The eXist XQuery engine, on the other hand, would return a sequence of element nodes with no containers or closures.
The primary reason, is that while Saxon assumes that the output will be an XML object (and hence needs to have some
kind of containment), XQuery does not make that assumption. Note that you can bypass this wrapper problem by placing
the whole query into an XML container.
<employee_set>{
for $employee in doc("employees.xml")/employees/employee
return $employee}
</employee_set>
For Saxon, the output is similar, but not identical (see
Listing 3).
The expression for $item in $seq can be a little misleading.
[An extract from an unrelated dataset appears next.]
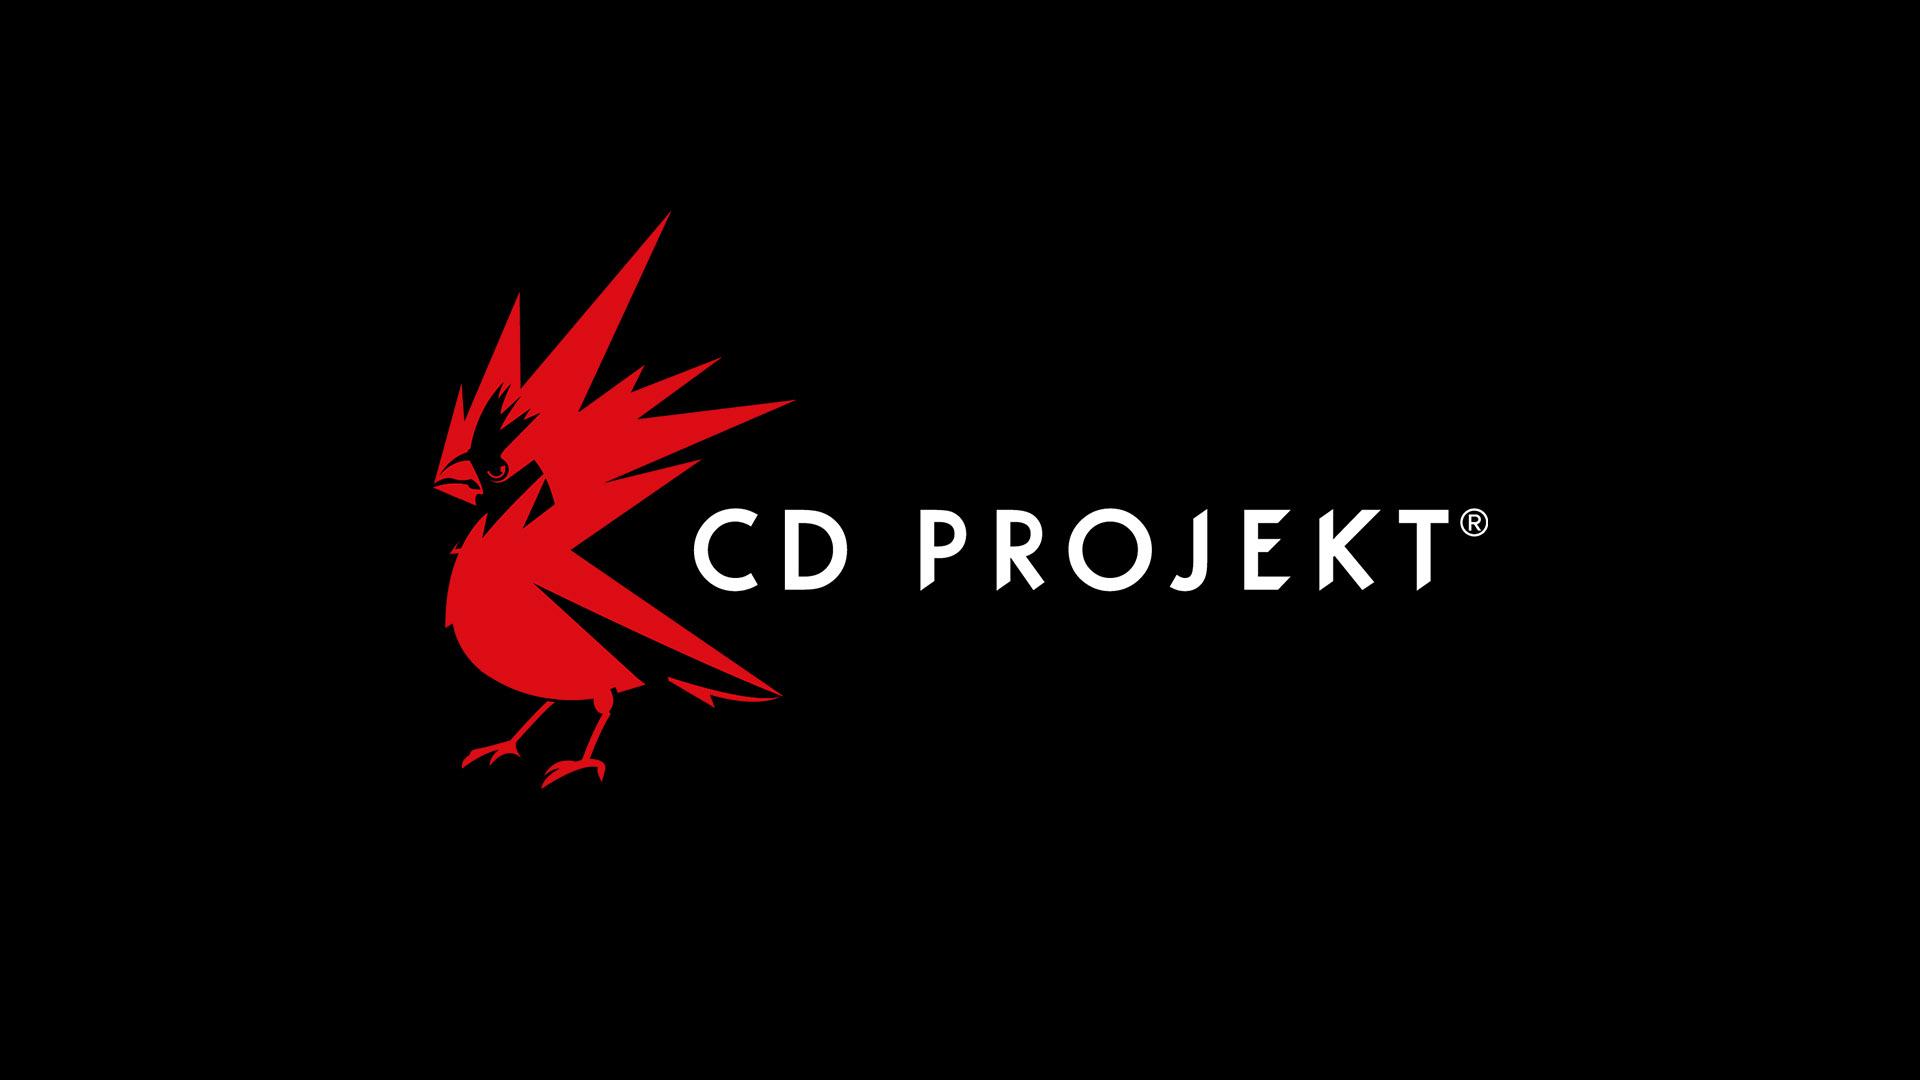 CD Projekt предупредила о мошенниках, якобы торгующих ее акциями

In essence, as the
for statement iterates through the sequence, what is passed into the $item variable is
in fact an internal pointer to each item in that sequence in turn, rather than a copy of that $item.
In other words, the $item context variable is live in that it is referring to a structure
within an underlying
XML (or related) data model, and that the result is in turn a sequence based upon this context.
For instance, in the expression:
for $employee in doc("employees.xml")/employees/employee
order by $employee/lastname ascending
return $employee
what gets returned is a list of employees ordered by the employee's last name—in essence, the
order by statement creates a virtual sequence of the list reordered by the given criterion:
for $employee in doc("employees.xml")/employees/employee order by $employee/lastname ascending return $employee
where the bold expression represents this virtual sequence.
Obviously, for a complex expression, typing this repeatedly could get tedious. Fortunately, you can use the
let command to establish a temporary variable holding this sequence:
let $sorted-seq := for $employee in doc("employees.xml")/employees/employee
order by $employee/lastname ascending
return $employee
This particular statement may seem somewhat counterintuitive, especially if you assume that
let
can hold only a single scalar value (as is the case with most programming languages). However, if you understand that
the
let statement is intended to hold sequences (and more sophisticated data structures) as well as scalars, then the expression makes more sense. Moreover, because the sequence created still points to specific elements within the XML structure, this re-ordered sequence is essentially just a sequence of pointers, not of whole (possibly huge) XML structures.
One upshot is that you can create a staggered filtering mechanism at surprisingly low cost, processing-wise. For instance, suppose that you wanted to create an expression that would sort the employees by last name and then provide you with records 11 through 20 inclusive of this sorted list. The following code illustrates one approach:
let $employees := doc("employees.xml")/employees/employee
let $sorted-employees := for $employee in $employees
order by $employee/lastname ascending
return $employee
let $paged-employees := subsequence($sorted-employees,10,10)
return $paged-employees
In this case, each let assignment is, in fact, working with a sequence of nodes—the initial set of nodes from
the
employees.xml document, a sorted sequence of the same content, and the results of retrieving a subsequence of this ordered list of employees. Yet in all cases, what's being extracted here are just pointers to elements. This paradigm is very useful in creating efficient queries, because rather than moving around large blocks of XML data (or rearranging an XML database) what is instead being manipulated is simply a list of such pointers, making the operations orders of magnitude faster.
One major caveat with this approach, however, is that this pointer manipulation holds true only so long as what is
returned is a naked result (for example, $employee). Anything that changes the resulting content ends up creating new nodes of information, and the XQuery engine then has to effectively de-reference the nodes, even if the changes are fairly insignificant.
The code listed above, returns exactly the same result (with the bracketed results indicating that the
XQuery expressions be evaluated and the results replaced in the stream) but because the first return statement
creates new content, this is a considerably more expensive—and hence far slower—operation.